Perkins and Raymond both said recruiting and retention of officers were issues before the pandemic impacted the budget. They are problems both plan to address at the appropriate time.
“The public reaction isn’t accurate,” Raymond said. “The conversation is, what do we need to do to attract qualified applicants? Raises. We’ve talked about it for years. We want to be equitable with neighboring agencies. But we can’t talk about that now. The reality is if you don’t cut us, other departments will have to cut. Take it from police and fire or furlough other employees. There will be negative consequences going through this pandemic.”
“This isn’t a cut to public safety,” Perkins said. “It does not cut existing officers or impact future recruiting. It cuts funded vacancies that would not have been filled even if there was no pandemic. Most of the funds proposed to be cut from SPD’s budget were going to be returned to the General Fund at the end of the year due to difficulty recruiting new officers. In other words, most of the proposed cut isn’t a cut because it would not have been spent even under normal circumstances.”

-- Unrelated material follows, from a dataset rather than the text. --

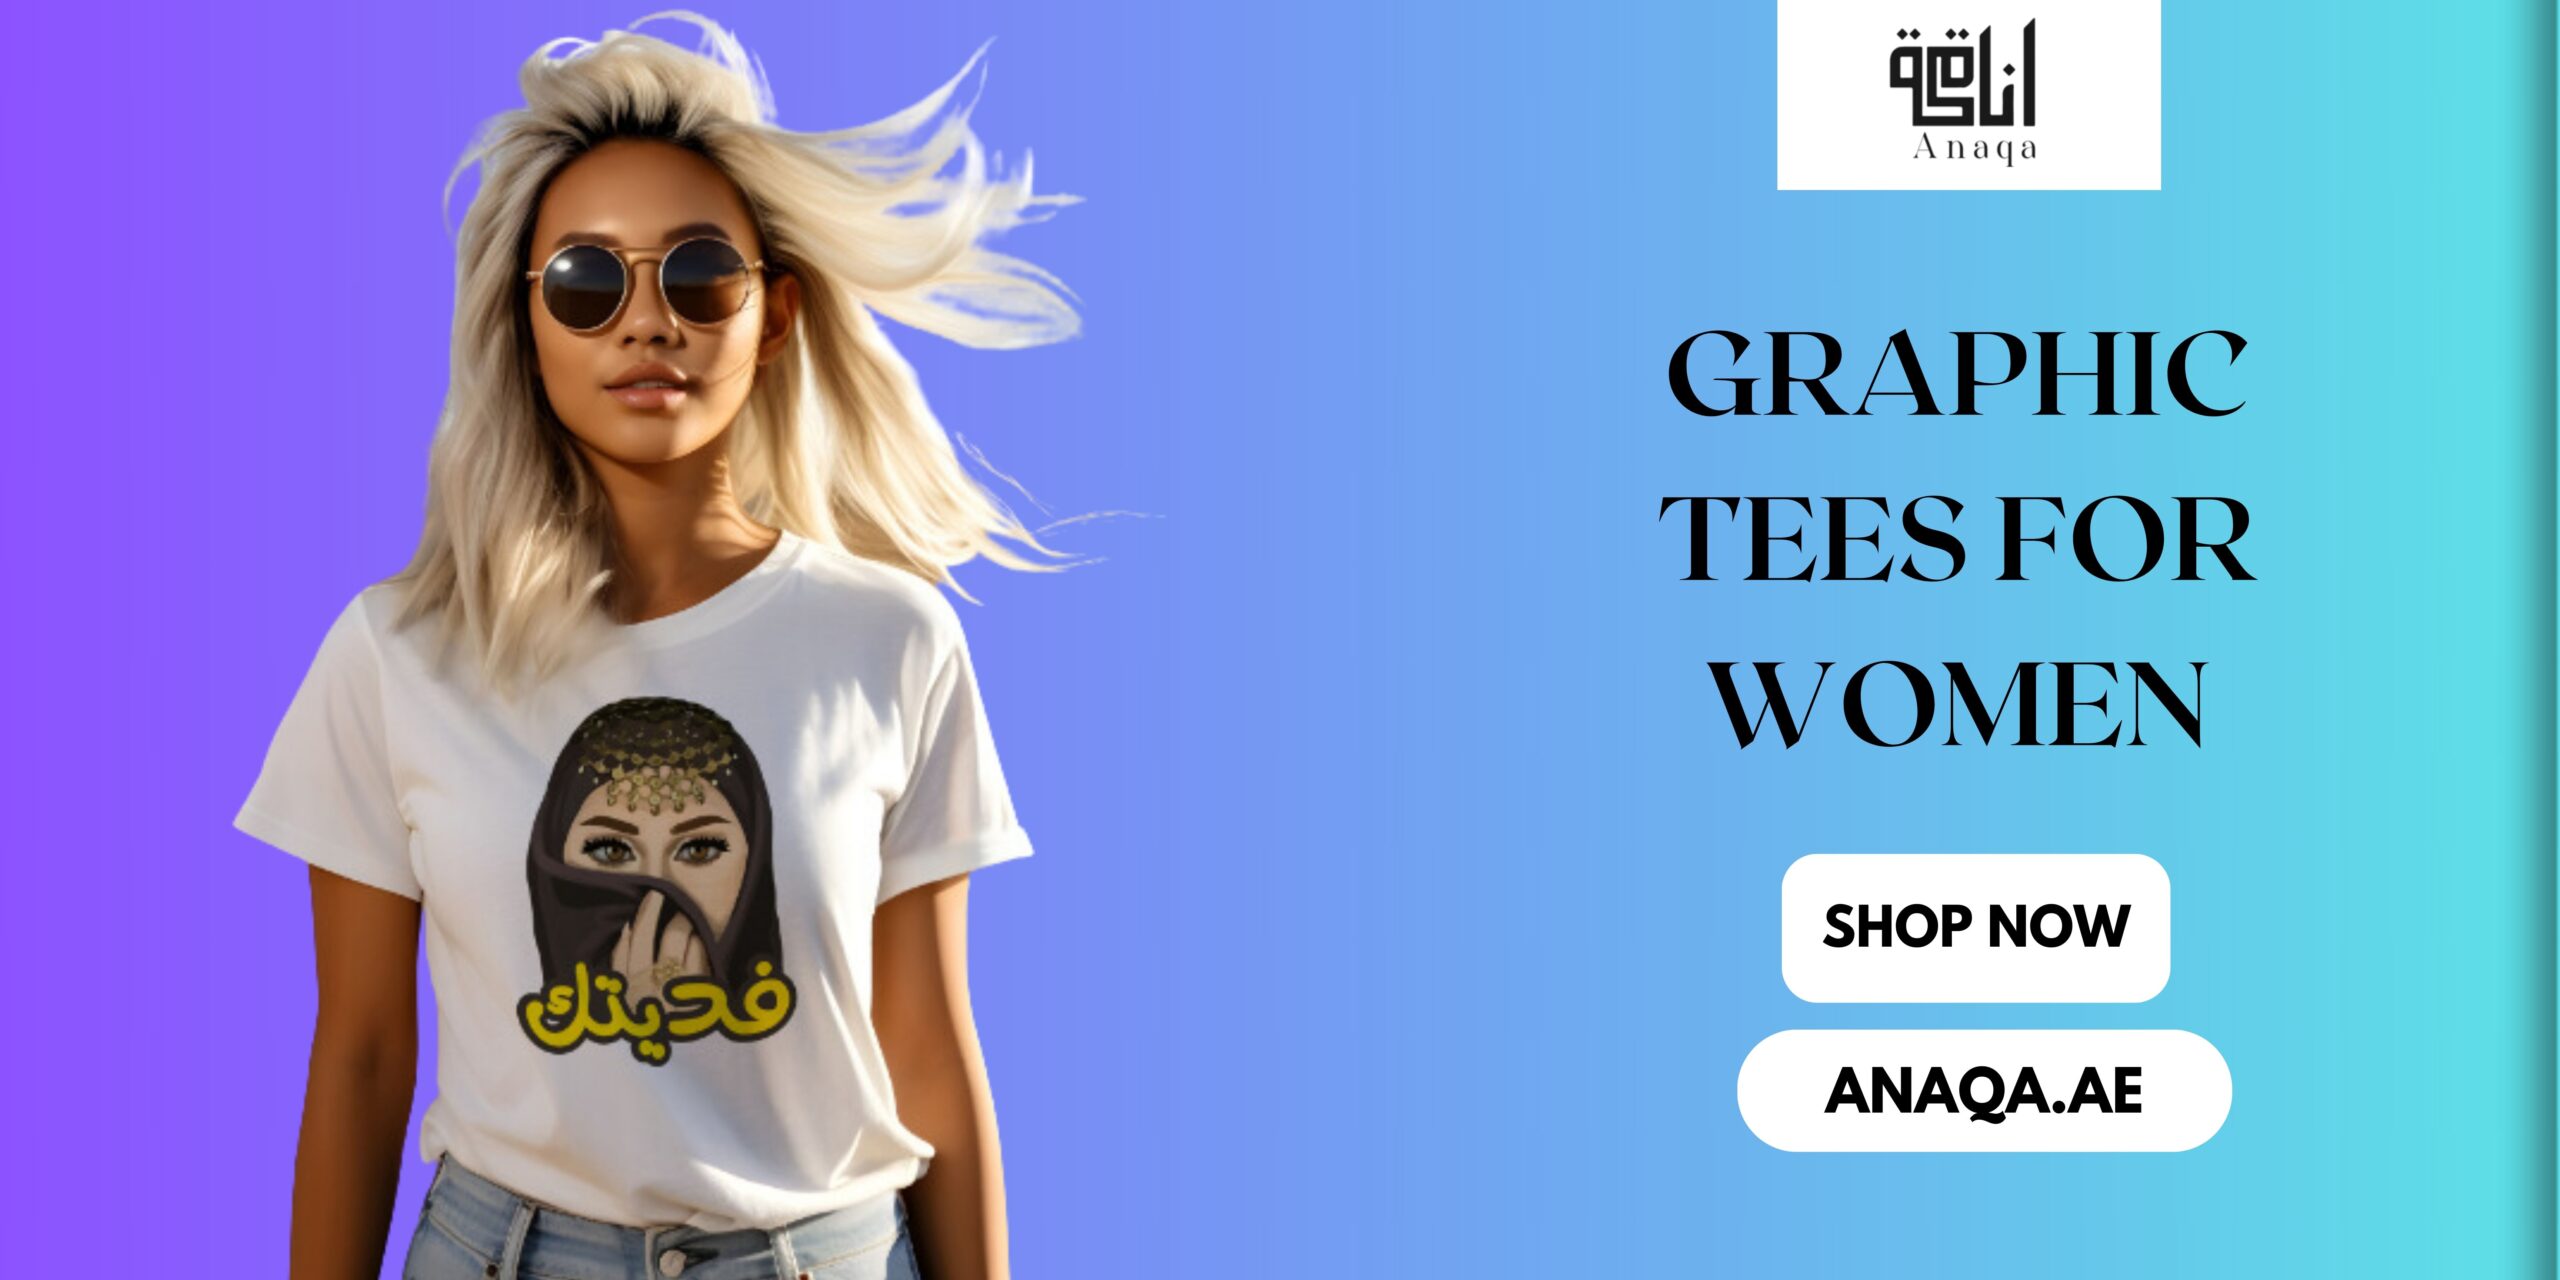 Graphic Tees For Women

Perkins added that citizens can play a role in resolving these issues moving forward.
“The only space between government and citizens is what we allow,” he said. “If citizens are as concerned about public safety as we are, I ask that they please join us by encouraging friends and family members to serve with the Shreveport Police Department. Filling our vacancies would make our community safer, but to accomplish that, we need community participation, which includes everything from reporting crimes to signing up to serve.”
The proposed cuts are for the 2020 budget only. Perkins said he hopes the final impact will be less than estimated.
“Our hope is that our numbers will trend down, and the recovery will be swift, but we will have to wait and see,” he said. “That will be somewhat dependent upon the degree to which citizens and businesses comply with the guidance provided by medical experts.”
He said city officials are watching Congress, too. Senators Bill Cassidy, Louisiana, and Bob Menendez, New Jersey, have proposed a $500 billion stabilization fund for cities larger than 50,000 people. That fund would help Shreveport replenish some of, or perhaps all of, the cuts made. “We obviously support this bill, and it also has a lot of bipartisan support around the country,” he said. “So we will be watching that closely.”
Perkins added that it is too soon to consider the impact on the 2021 budget.
“We need to focus on what we can control,” he said. “This is an infectious and deadly virus for which there is no treatment or vaccine. The only thing we can control is our behavior. We need to continue practicing social distancing, wearing masks in public, washing hands, and staying home if we are sick or at high risk. Those are the things everyone can do to speed up Shreveport’s economic recovery.”